Clear Body, Clear Mind
- Cover of first edition
- Author: L. Ron Hubbard
- Language: English
- Subject: Purification Rundown
- Publisher: Bridge Publications
- Publication date: 1990
- Publication place: United States
- Media type: Print
- Pages: 306
- ISBN: 0-88404-549-8
- OCLC: 22113510
- Dewey Decimal: 613 20
- LC Class: RC564 .H828 1990
- Website: clearbodyclearmind.com

= Clear Body, Clear Mind =

Scientology book, Purification Rundown

Clear Body, Clear Mind is a pseudoscientific book about Scientology compiled from L. Ron Hubbard material from the 1960s. It was published posthumously in 1990 by Bridge Publications, the Church of Scientology's publishing house. The book is considered part of Scientology's canon. It is the textbook for the Purification Rundown ("Purif"), which Scientologists believe is a detoxification program with medical and spiritual benefits. Medical professionals characterise it as dangerous, quackery, and in some cases lethal.

==Purification Rundown==

The Purif consists of a "combination of exercise, vitamins, nutrition and sauna use," which purportedly "dislodges drug residues and other toxins from the fatty tissues so that these substances can then be eliminated from the body." Scientologists are expected to take the Purif as part of their spiritual progress, and it is also promoted in secular contexts via Scientology-related groups including Narconon, Criminon and Second Chance. It is promoted as a cure for conditions including cancer, AIDS, heart problems, kidney failure, liver disease and obesity. The procedure is viewed as dangerous by many medical professionals, as it calls for saunas and vitamins far in excess of safe levels. Side effects listed by Scientology include dehydration, electrolyte disturbances including hyponatremia (low sodium level), hypokalemia (low potassium level), and heat-related illnesses. Some families have sued the Church of Scientology, claiming that the Purif was responsible for the death of a relative.

==Medical claims==

Clear Body, Clear Mind includes a disclaimer to the effect that the Purification Rundown is not a medical treatment and that it should not be read as making medical claims. However, in their Introduction to the book, David Root M.D. and James Barnes write:
L. Ron Hubbard's Purification program remains the only proven and safe method for reducing or eliminating chemical residues from the body. It has been used to alleviate the symptoms and concerns of people exposed to radiation. With each year, the importance of this discovery to every man, woman and child on this planet becomes more evident.

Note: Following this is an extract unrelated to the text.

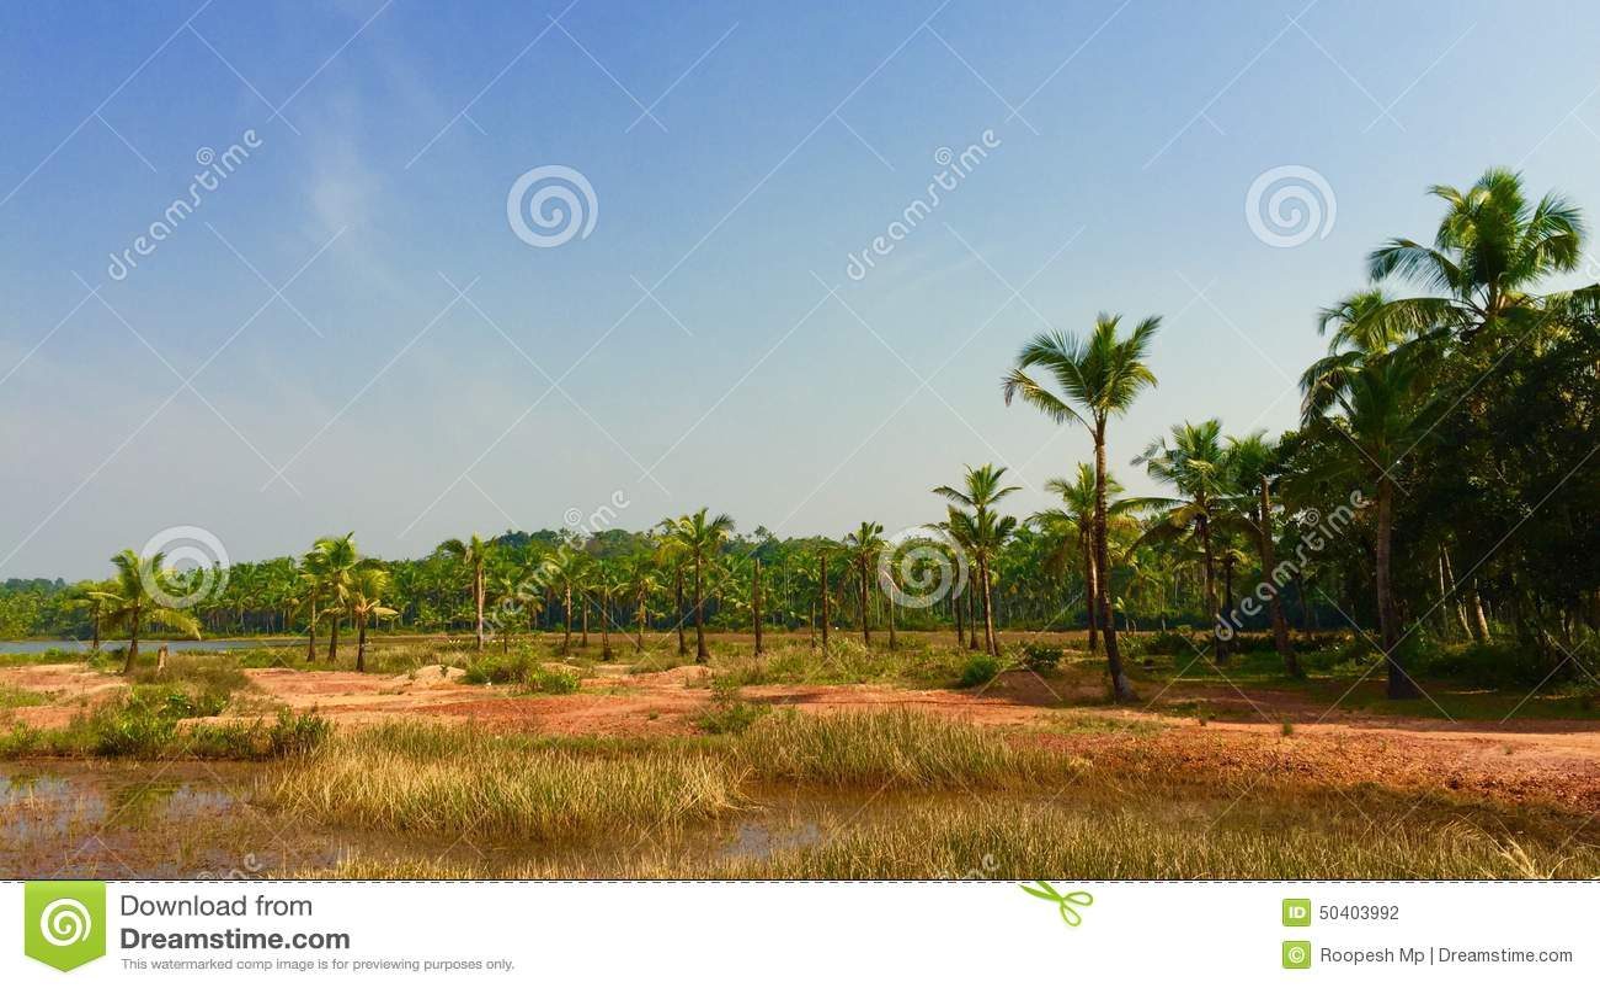 Coconuts Landscape Stock Photo - Image: 50403992

Hubbard claims to have been the discoverer of the "acid flashback" phenomenon, in which LSD is said to lodge itself in tissues and re-enter the bloodstream years later. He claims to have made this discovery "In the 1970s, working with cases of individuals who had been drug users". (pg. 23, 1990 hardcover edition)

Scientology's official website says of the book:
 "Pesticides, solar radiation, drug and environmental toxins have become increasingly pervasive in today's society. They damage not just your health, but your personality and your ability to think clearly. Clear Body, Clear Mind -'The Effective Purification Program, by L. Ron Hubbard, details his groundbreaking discoveries in this field. Discover the world's only all-natural, proven program to eliminate drug and toxic residues lodged in the fatty tissues of your body. Over 250,000 have done this program with spectacular success."

The claim of "Over 250,000" successes drew censure from the UK's Advertising Standards Authority. The figure was a count of everyone who had completed the program, including people whose "drug" exposure was infrequent use of alcoholic drinks or prescription drugs.

A 1995 review of the book at a medical conference described the mega-doses of niacin as inappropriate, especially since they cause the release of histamine, which is counterproductive when dealing with chemical sensitivity.

==Related books==
In All About Radiation, Hubbard (1957) sets out his idiosyncratic theories of radiation, including the idea that large doses of vitamins could both alleviate and prevent radiation sickness.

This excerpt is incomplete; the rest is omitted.